Deane Janet E, Graham Stephen C, Mitchell Edward P, Flot David, Johnson Steven, Lea Susan M
Sir William Dunn School of Pathology, South Parks Rd, University of Oxford, OX1 3RE, UK.
Mol Microbiol. 2008 Jul;69(1):267-76. doi: 10.1111/j.1365-2958.2008.06293.x. Epub 2008 May 15.

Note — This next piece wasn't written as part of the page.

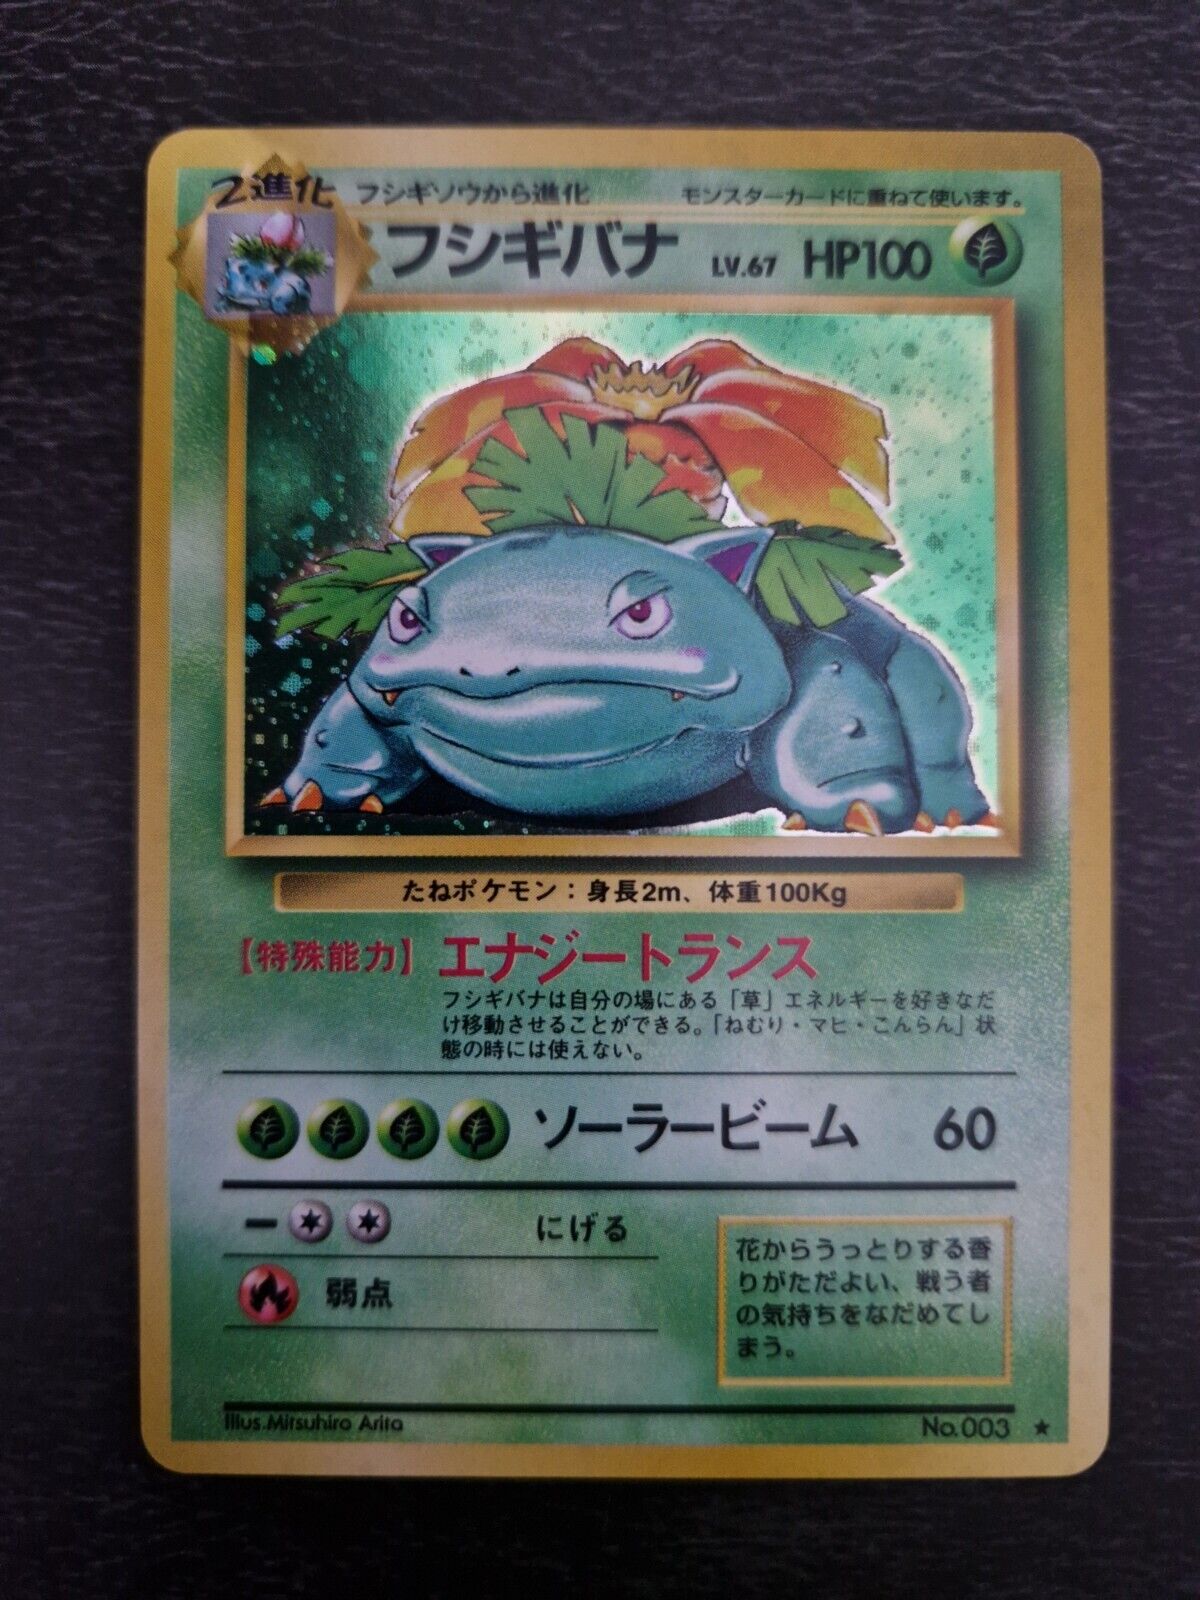 VENUSAUR BASE SET #003 JAPANESE 1996 Pokemon Card Holo Expansion Pack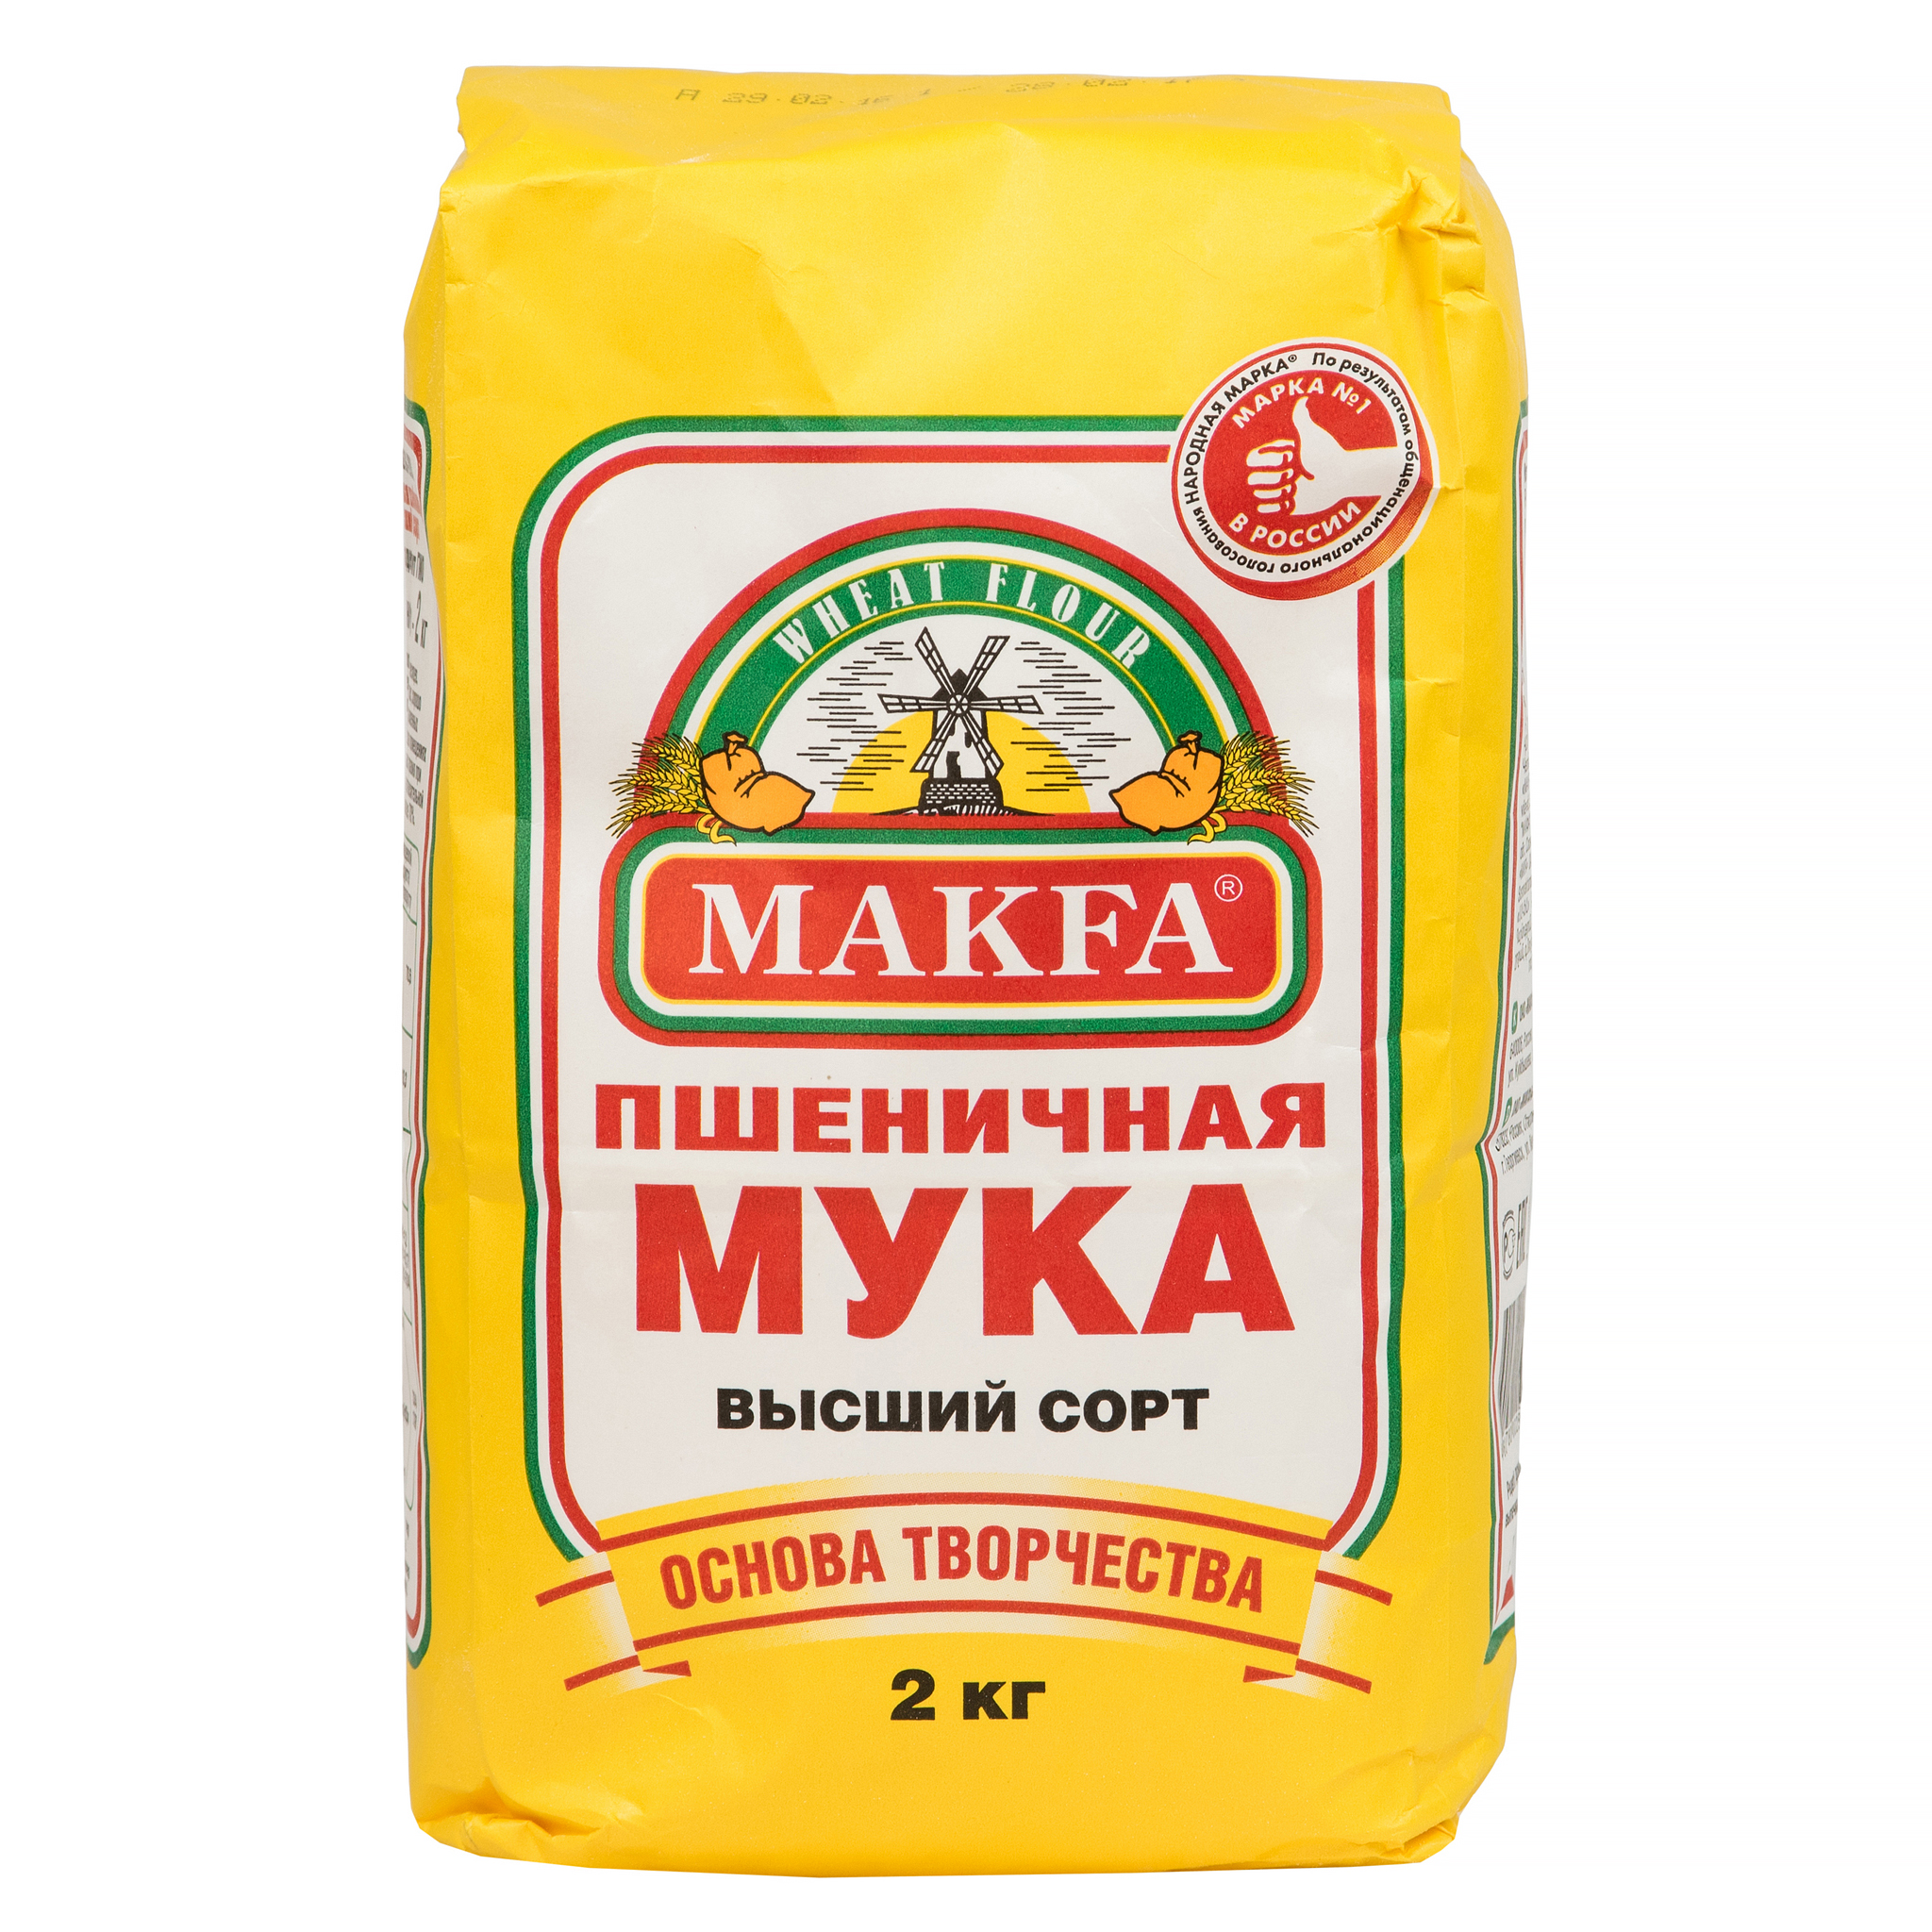 Пшеничная мука Makfa - рейтинг 5 по отзывам экспертов ☑ Экспертиза состава  и производителя | Роскачество

The pathogenic bacterium Shigella flexneri uses a type III secretion system to inject virulence factors from the bacterial cytosol directly into host cells. The machinery that identifies secretion substrates and controls the export of extracellular components and effector proteins consists of several inner-membrane and cytoplasmic proteins. One of the inner membrane components, Spa40, belongs to a family of proteins proposed to regulate the switching of substrate specificity of the export apparatus. We show that Spa40 is cleaved within the strictly conserved amino acid sequence NPTH and substitution of the proposed autocatalytic residue abolishes cleavage. Here we also report the crystal structure of the cytoplasmic complex Spa40(C) and compare it with the recent structures of the homologues from Escherichia coli and Salmonella typhimurium. These structures reveal the tight association of the cleaved fragments and show that the conserved NPTH sequence lies on a loop which, when cleaved, swings away from the catalytic N257 residue, resulting in different surface features in this region. This structural rearrangement suggests a mechanism by which non-cleaving forms of these proteins interfere with correct substrate switching of the apparatus.
志贺氏菌利用III型分泌系统将细菌胞质溶胶中的毒力因子直接注入宿主细胞。识别分泌底物并控制细胞外成分和效应蛋白输出的机制由几种内膜和细胞质蛋白组成。内膜成分之一Spa40属于一个蛋白质家族,该家族被认为可调节输出装置底物特异性的转换。我们发现Spa40在严格保守的氨基酸序列NPTH内被切割,并且所提出的自催化残基的取代消除了切割。在此我们还报道了细胞质复合物Spa40(C)的晶体结构,并将其与来自大肠杆菌和鼠伤寒沙门氏菌的同源物的最新结构进行比较。这些结构揭示了切割片段的紧密结合,并表明保守的NPTH序列位于一个环上,当被切割时,该环会从催化性N257残基处摆动开,导致该区域出现不同的表面特征。这种结构重排提示了这些蛋白质的非切割形式干扰装置正确底物转换的一种机制。